Question

In: Statistics and Probability

There are three different types of tests we learned. What one of the three types is...

There are three different types of tests we learned. What one of the three types is the following? “ A researcher estimates that high school girls miss more days of school than high school boys. A sample of 16 girls showed that they missed an average of 3.9 days of school and a sample of 22 boys showed that they missed an average of 3.6 days. The standard deviation of the 16 girls was .6 and the standard deviation of the boys was .8. Using an alpha level of .01, test the researchers claim.

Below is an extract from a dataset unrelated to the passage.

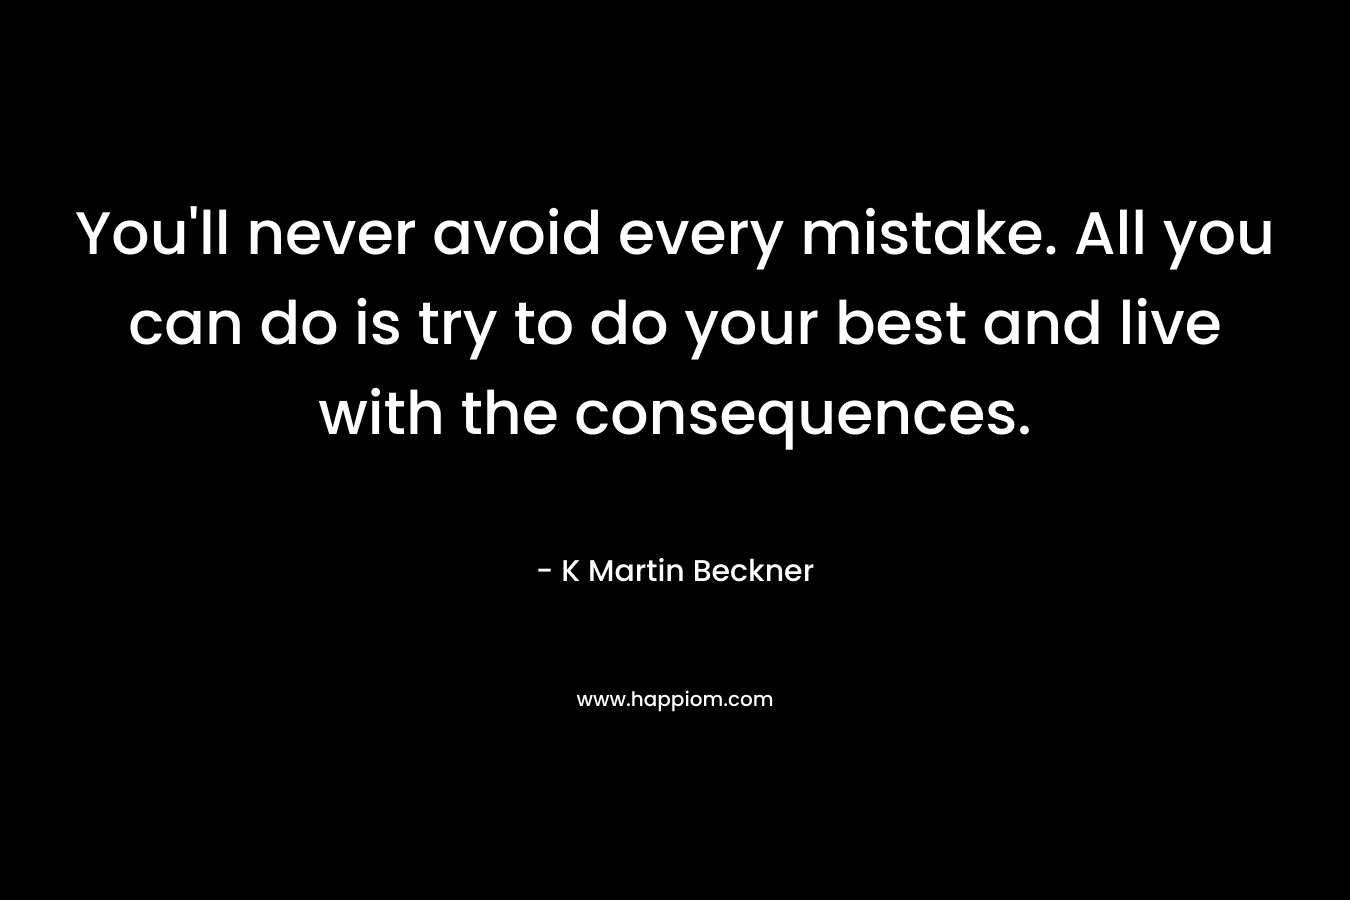 You’ll never avoid every mistake. All you can do is try to do your best and live with the consequences. – K Martin Beckner

select the conclusion that should be drawn in step 4. Select one: a. Reject Ho b. Do not reject Ho

The critical value for this problem is: Select one: a. 2.576 b. 2.602 c. 2.947 d. 2.326 e. None of the choices

The degree of freedom for this test where we are assuming that the variances are unequal is: Select one: a. 21 b. 35 c. 16 d. 15 e. 22

The final result from this test is: Select one: a. Evidence supports the claim. b. Evidence does not support the claim

The p-value for this test is: Select one: a. .12 b. .04 c. .01 d. .10 e. .24

The test value to the nearest hundredth is: Select one: a. 1.39 b. 1.32 c. 1.82 d. 2.16 e. None of the choices

Using the problem in question two, the alternate hypothesis for the statistical test would be:

Select one: a. muG < muB (claim) b. muG < muB c. muG > muB (claim) d. muG > muB

Solutions

Expert Solution

A researcher claims that high school girls miss more days of school than high school boys. So it right tailed 2 sample t test.

Null hypothesis, H0: muG=muB vs. Alternative hypothesis, H1: muG>muB

where muG=true average days are missed by girls and muB= true average days are missed by boys.

We assume two samples come from two independent normal populations. Now we assume, two populations have unequal variance.

Two-Sample T-Test and CI

Sample N Mean StDev SE Mean
Girls 16 3.900 0.600 0.15
Boys 22 3.600 0.800 0.17

Estimate for difference: 0.300
99% lower bound for difference: -0.254
T-Test of difference = 0 (vs >): T-Value = 1.32 P-Value = 0.098 DF = 35

Since P-value=0.098>0.01 so Option is b. Do not reject Ho.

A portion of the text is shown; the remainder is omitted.